意図と行動のギャップから生じる「不自由さ」への挑戦。果たして僕たちに自由はあるのか?

僕が20代半ばの頃、先輩に「30歳を超えると新しいことを学ぶのを避けるようになる」と言われた。

20代半ばの頃、会社の先輩から「30歳を超えると、それまでに培ったことでなんとかしようとするようになって、新しいことは学ぼうとはしなくなる」と言われたことがありました。ふと、そんなことを思い出したんです。

当時の僕は新しいことを学び、取り入れるのが好きだったせいもあり、にわかには信じた外話でした。でも、僕自身はまだ20代なので、30歳を超えたらどうなるかなんて分からないわけです。そういうもんかな…と捉えておくしかありませんでした。

 

では、30歳を超え、もうすぐ40歳へとリーチしそうな年齢になってきたいま、実際はどうだったのか振り返ってみれば、そんなことは全くなかったりします。僕自身の実感としては、年齢を重ねる程に新しいことを学びやすくなったように思います。

相も変わらず、それが興味を持つ分野のことであれば、新しいことを学び取り入れていくのはとても楽しいことです。
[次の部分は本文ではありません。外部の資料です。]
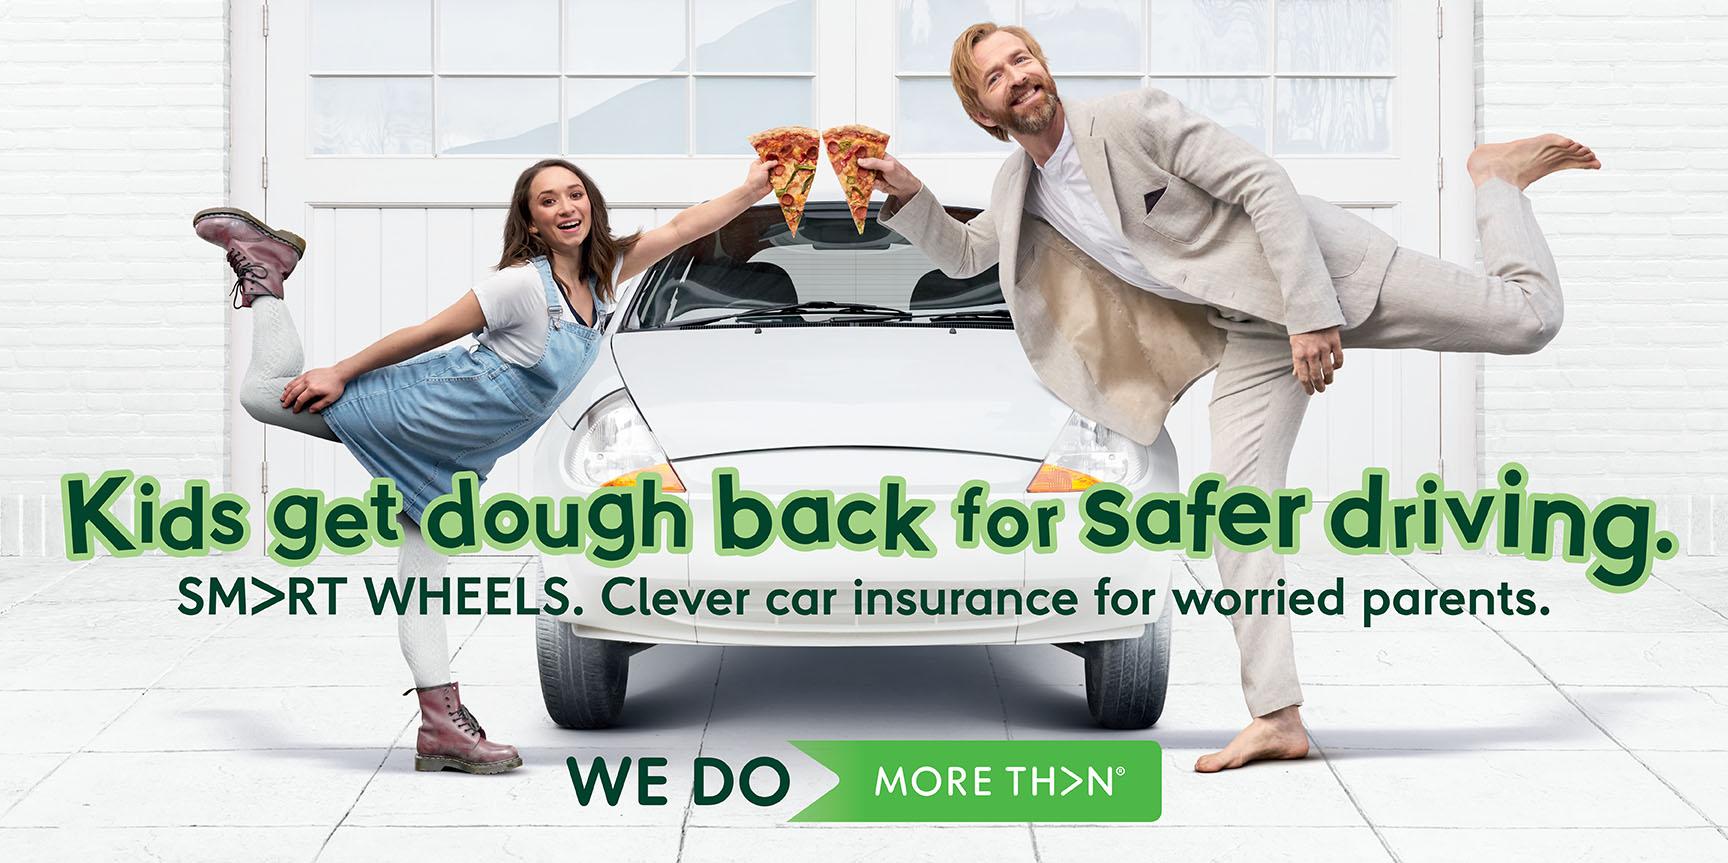 More Than Car Insurance

多分ですが、これからもそうだと思います。

 

それを踏まえて当時のことを考えてみると、あの時、先輩にとっては「年齢」が自分の意見を述べるのに一番使いやすかったんだと思うのです。

それはもしかすると、自分自身の現状を説明するのに使いやすかったのかもしれないし、新しいことを学ぶの止めた理由として使いやすかったのかもしれないし、年下の僕に対しての言葉として使いやすかったのかもしれない。正確なところは僕には分かりません。

 

本当はそんな理由付けはいらなかったんだと思います。単に「私は新しいことを学びたいとは思っていないし、そうしようとも考えていない」でOKだったはず。

そもそも「新しいことを学ぶ=良いこと」ってわけでもありません。物事の善し悪しは、どういう判断基準を持つかで変わるものですから。だから、本音を表現してしまえばそれで良かったはず。

 

でも、僕たちは自分の発言に「味方」を作りたくなるものですので、ちょくちょく一般化した表現をつかってしまいます。「私の意見」ってやつは、ある意味、発言のリスクを全部自分が背負い込むことになりますから、仕方のないことです。
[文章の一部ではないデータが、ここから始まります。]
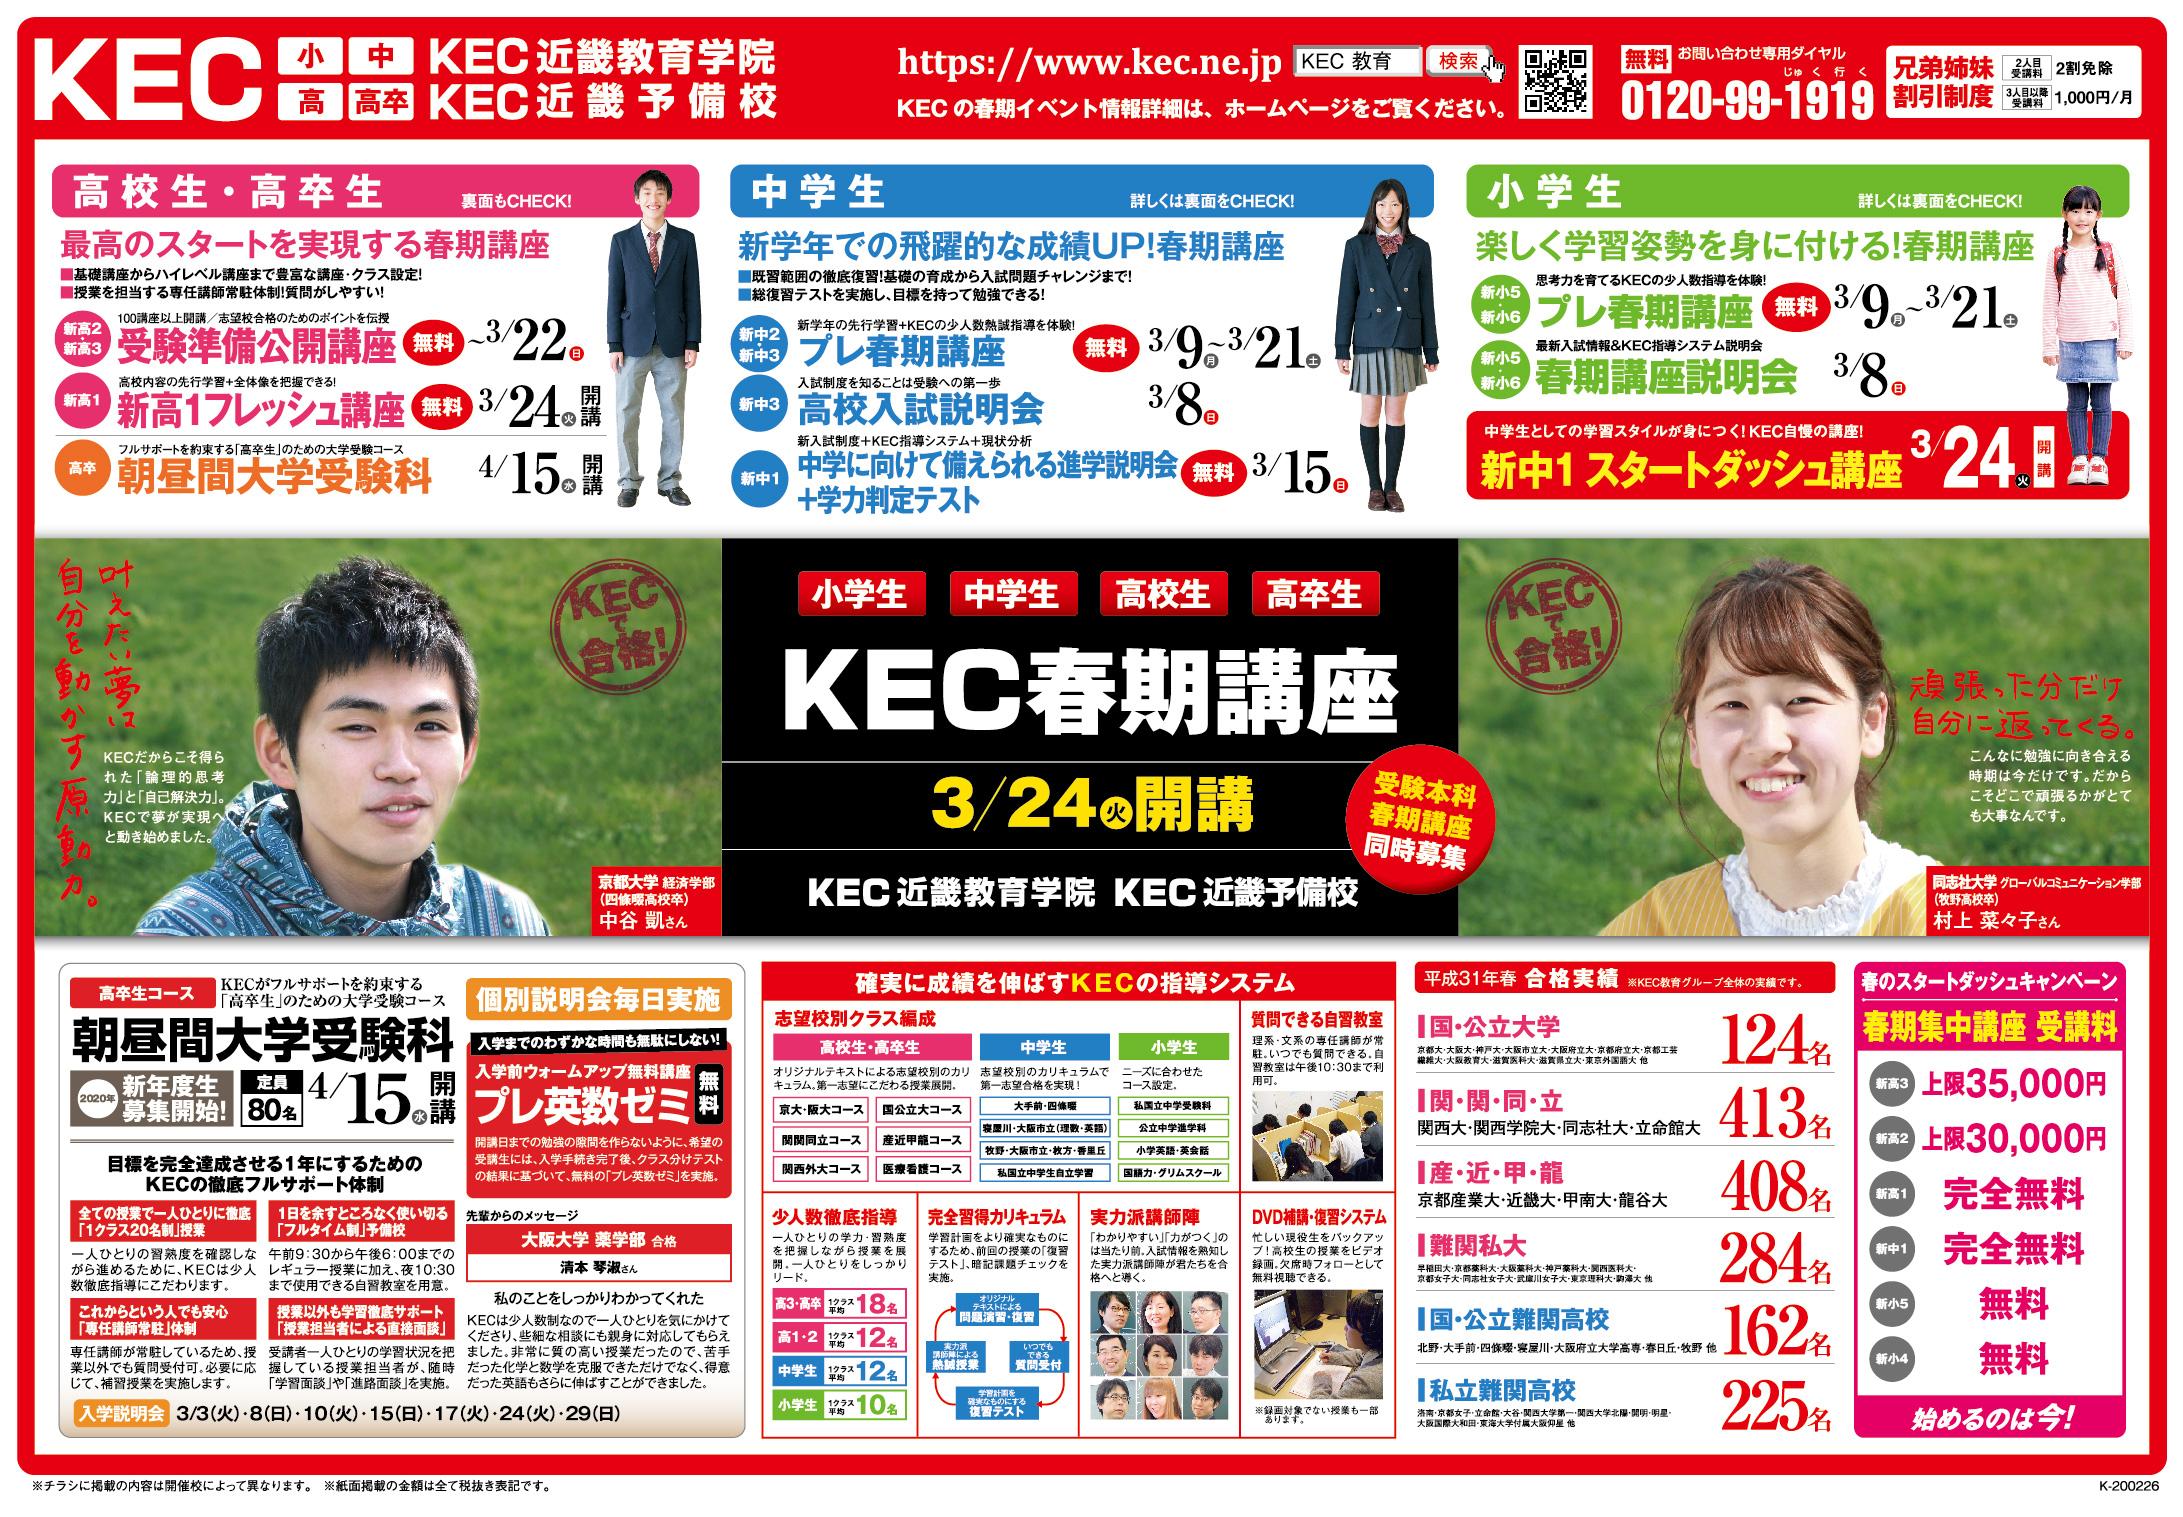 KEC教育_塾予備校_200214春期チラシ第5弾_京阪_表

とはいえ、一般化した表現は時に呪いになります。言われた人にとってもそうなる可能性はありますが、何よりも言った本人にとっての呪いに。

僕たちは本当に「自分が見たい情報を積極的に取り入れる生き物」です。30歳を過ぎたら新しいことを学べないと思えば、それを補強する情報をどんどん手に入れます。そしていつしか、それは本人にとって真実のように振る舞うことになります。

 

新しいことを学ぶかどうかは、どっちでもいいと思うのです。本人が決めればいいことですから。

でも、なぜそうなのかについての理由は、なるべく一般化した表現から自分自身に特化した表現にした方が、それが世の中の真実ではなくて、単なる自分の考え方であることを認識できていいのではないかな、と思うのです。

世の中の真実として扱うのか、単なる自分の意見として扱うのか。この間には大きな差があります。前者は極めて変えるのが難しいけど、後者には必要に応じて変えられる可能性が含まれています。

小さなことかもしれませんが、こういったものの積み重ねが人生の自由度を変えちゃうのかもしれないなー、と思ったのでした。